Sweden’s krona slumped after a survey indicated a contraction in the nation’s manufacturing industry deepened last month as exporters struggle to stay competitive against the fallout of Europe’s debt crisis.
An index based on responses from about 200 purchasing managers fell to a seasonally adjusted 43.1 in October, its lowest reading in more than three years, from 44.7 the previous month, Stockholm-based Swedbank AB (SWEDA), which compiles the index, said today. A reading below 50 signals a contraction. The average estimate of seven economists surveyed by Bloomberg was for a reading of 45.
The data “strengthen our fears that fourth-quarter gross domestic product will be very weak,” Anna Raman, a senior analyst at Nykredit Bank A/S in Copenhagen, said in a note to clients. It “makes a Riksbank cut in December almost a certainty,” she said.
The krona lost as much as 0.45 percent against the euro and traded at 8.6262 as of 10:21 a.m. in Stockholm, making it the biggest loser of the major currencies tracked by Bloomberg against the dollar, the yen and the euro. Versus the dollar, the krona sank 0.6 percent to 6.6724.
Swedish exports, which account for about half the nation’s economic output, fell 13 percent in September as demand from Europe falters. Manufacturing confidence last month hit a three- year low and the central bank in October signaled it may cut interest rates again in December to support an expansion.
In neighboring Norway, a manufacturing decline also deepened last month as the nation’s purchasing managers’ index slipped to 48.7 from a revised 49.1 in September, Oslo-based Fokus Bank said today.
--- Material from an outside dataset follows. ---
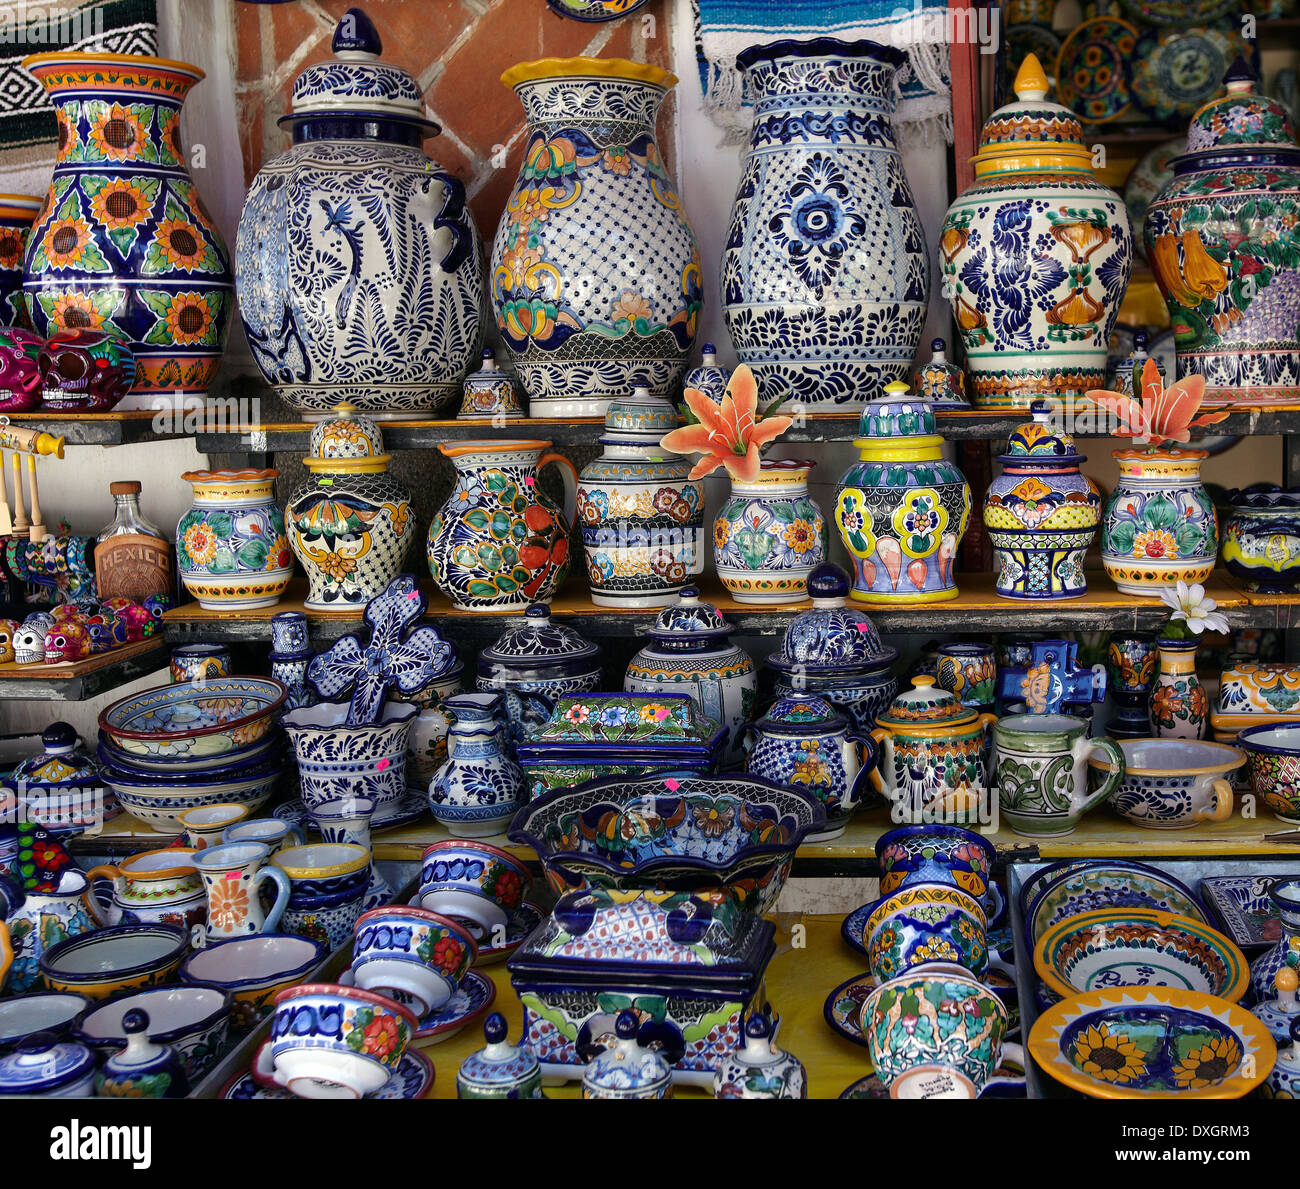 América, México, estado de Puebla, la ciudad de Puebla, el barrio de los sapos, la cerámica tradicional de talavera de Puebla Foto de stock
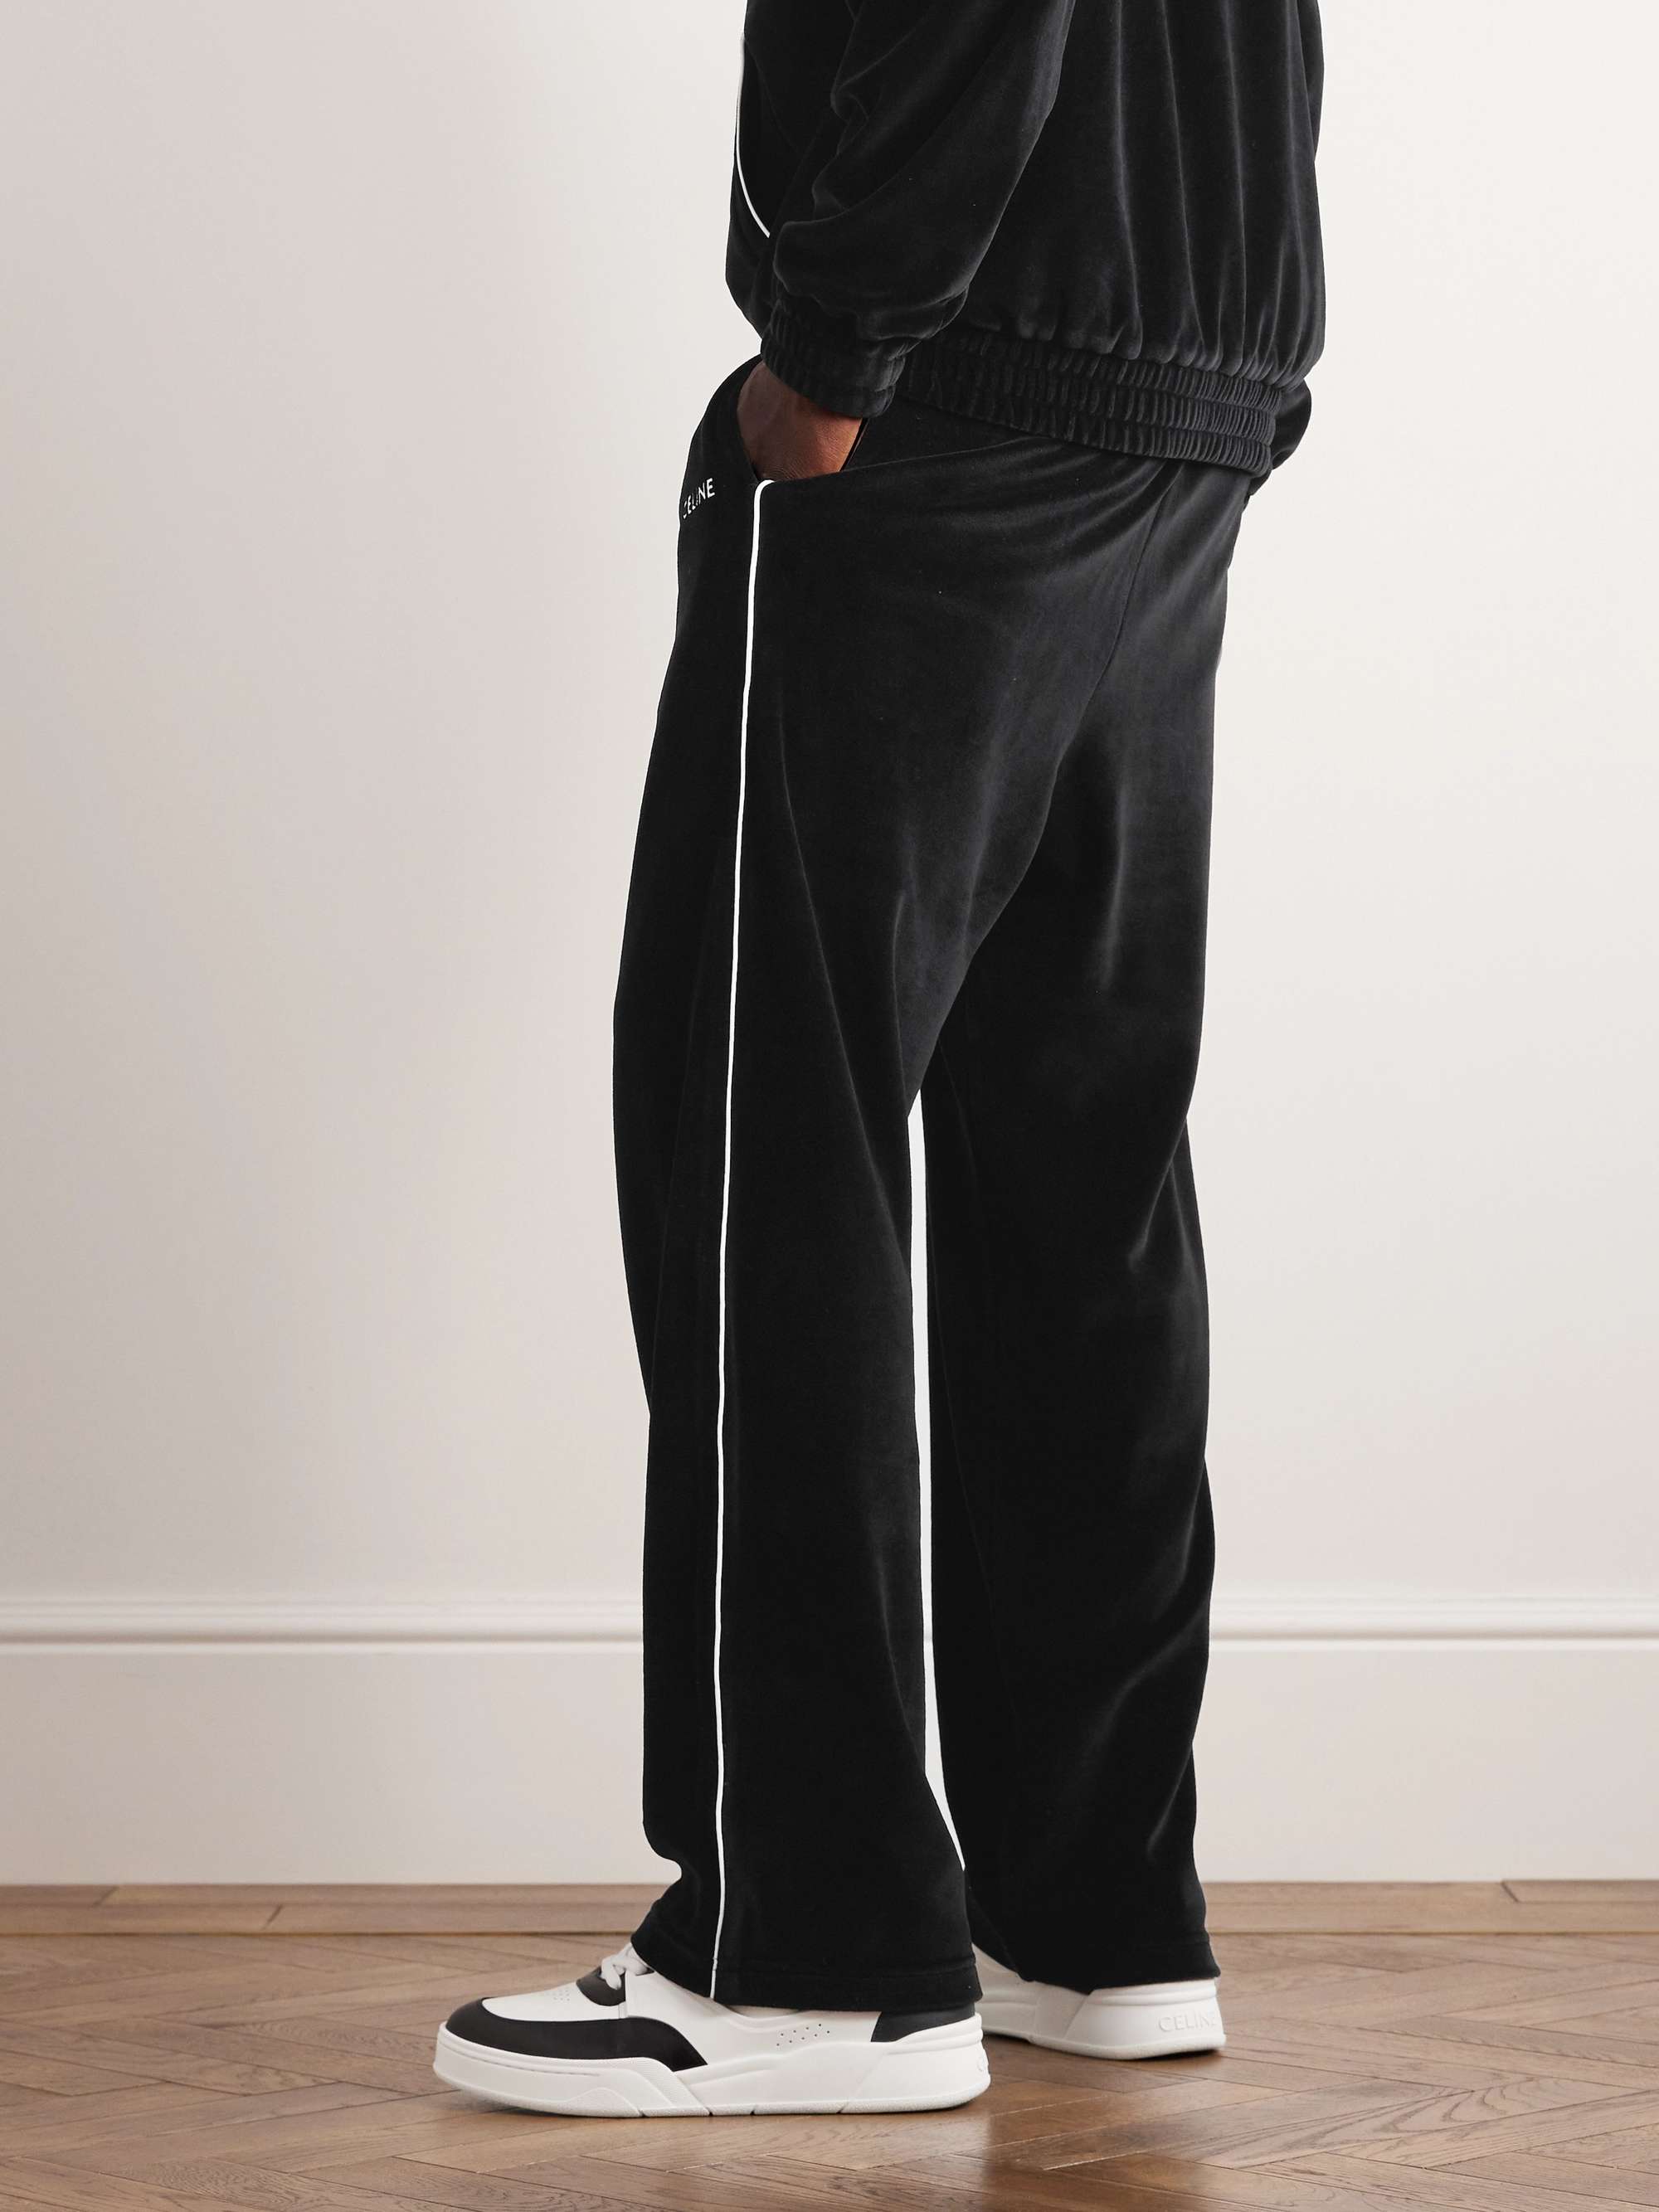 CELINE HOMME Straight-Leg Cotton-Blend Velour Track Pants for Men | MR ...

Norway’s krone was little changed at 7.3872 against the euro, and fell 0.2 percent versus the dollar to 5.7127.
Both the Norwegian and Swedish central banks last month pushed back plans to tighten monetary policy after keeping their main interest rates unchanged.
Swedish economic growth will slow to 0.9 percent this year from 3.9 percent in 2011 as “ exports are being clearly dampened by the weak activity in the euro area,” the Riksbank said last week. That makes a rate cut this winter more likely than an increase, the Riksbank said.
Norges Bank Governor Oeystein Olsen said yesterday he probably won’t start raising interest rates until March at the earliest, compared with a previous forecast for as early as December.
“We are now also starting to see ramification effects from the euro-zone woes into Norway,” said Shakeb Syed, chief economist at SpareBank1 Markets in Oslo. “Sweden doesn’t have the upside effects from the oil industry that Norway has” and is therefore “feeling the strain more than we are doing,” he said.
Sweden’s production sub-index fell to 40.3 from 43.9 while the order index fell to 40.1 from 42.1. The employment index was unchanged at 43 and the delivery time index fell to 40.4 from 45.2.
“The biggest contributor to the decline was production, followed by shorter delivery times and lower order intake,” Swedbank said in a statement. “The weaker demand is manifesting itself primarily in falling export orders, while the domestic market -- even though weak -- is faring somewhat better.”
In Norway, the PMI sub-index measuring orders rose to 49.6 from 47.3 in September, while the employment index dropped to 49.1 from 50.7 and the production measure decreased to 48.4 from 49.2. Inventories fell to 44.1 from 46.5.